If you’ve been developing with React, you must have seen that you are provided with very verbose errors/warnings that can come in handy.
Quote from the download page of React:
We provide two versions of React: an uncompressed version for development and a minified version for production. The development version includes extra warnings about common mistakes, whereas the production version includes extra performance optimizations and strips all error messages.

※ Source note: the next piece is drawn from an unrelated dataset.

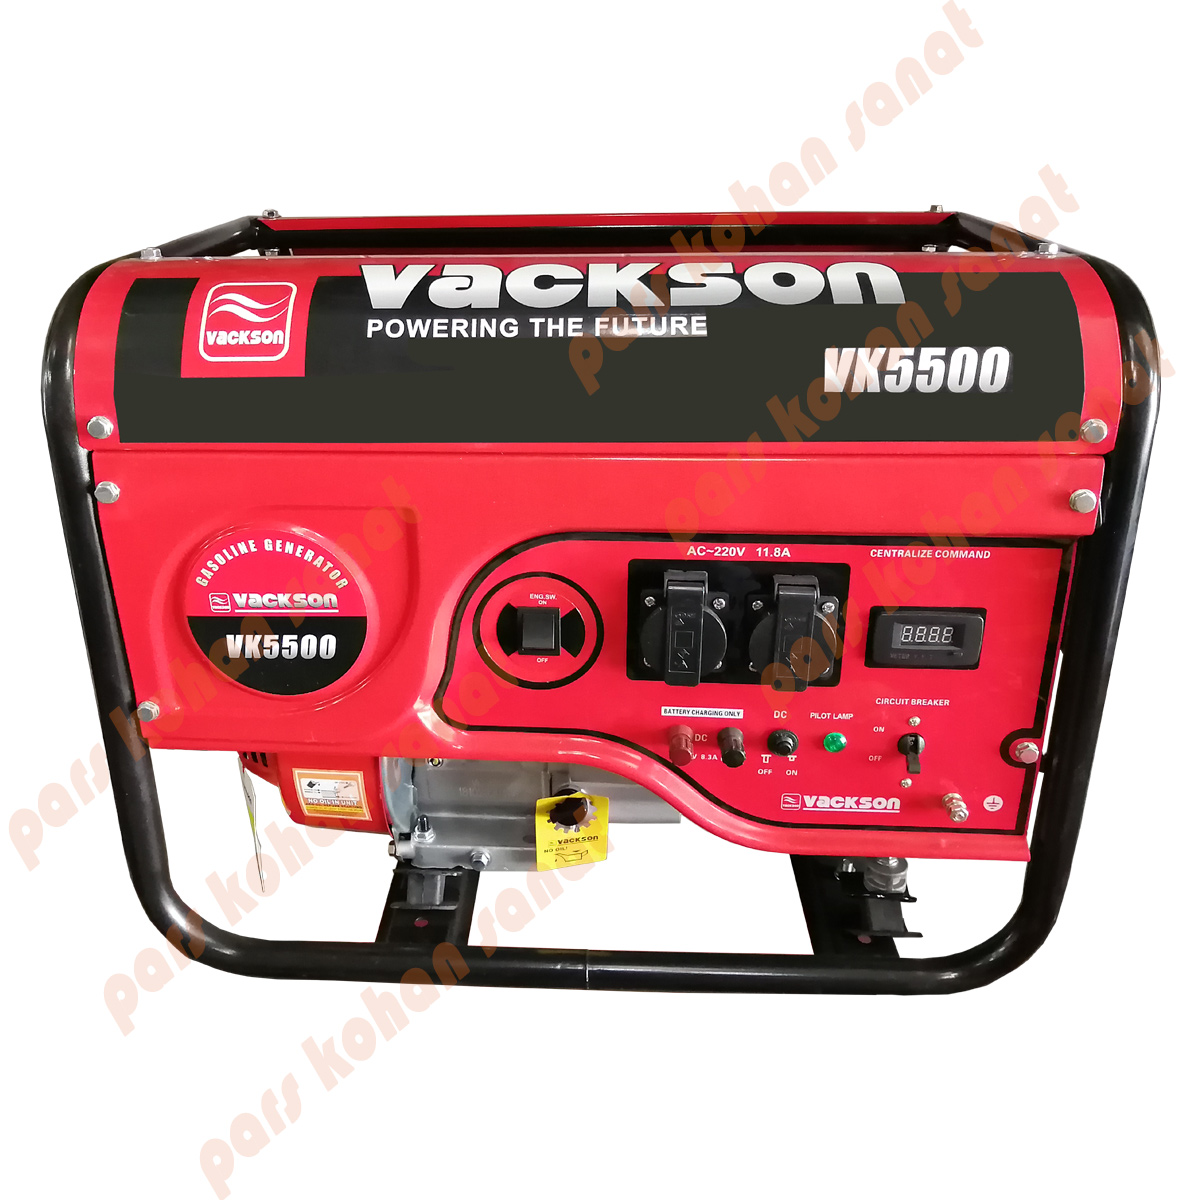 موتور برق وکسون مدل VK5500

When you’re making your production bundle, you should not include all the extra code used in development (which makes extra checks not useful in production and at the end makes your bundle heavy).
The way to do that is to use the Webpack.DefinePlugin or envify, if you’re using browserify.
By doing the following, you’ll be injecting a variable process.env.NODE_ENV
set to "production"
at build time which is used inside React as we’ll see.
webpack.config.prod.js
module.exports = {
//...
plugins:[
new webpack.DefinePlugin({
'process.env':{
'NODE_ENV': JSON.stringify('production')
}
}),
new webpack.optimize.UglifyJsPlugin({
compress:{
warnings: true
}
})
]
//...
}
That way, you’ll be including the same kind of code which is in react.min.js
inside your bundle. If you take a look at the source code of React inside ./node_modules/react/lib
, you’ll see a lot of places with a ternary like process.env.NODE_ENV !== 'production'
. All those development related features will be dropped at the minification step.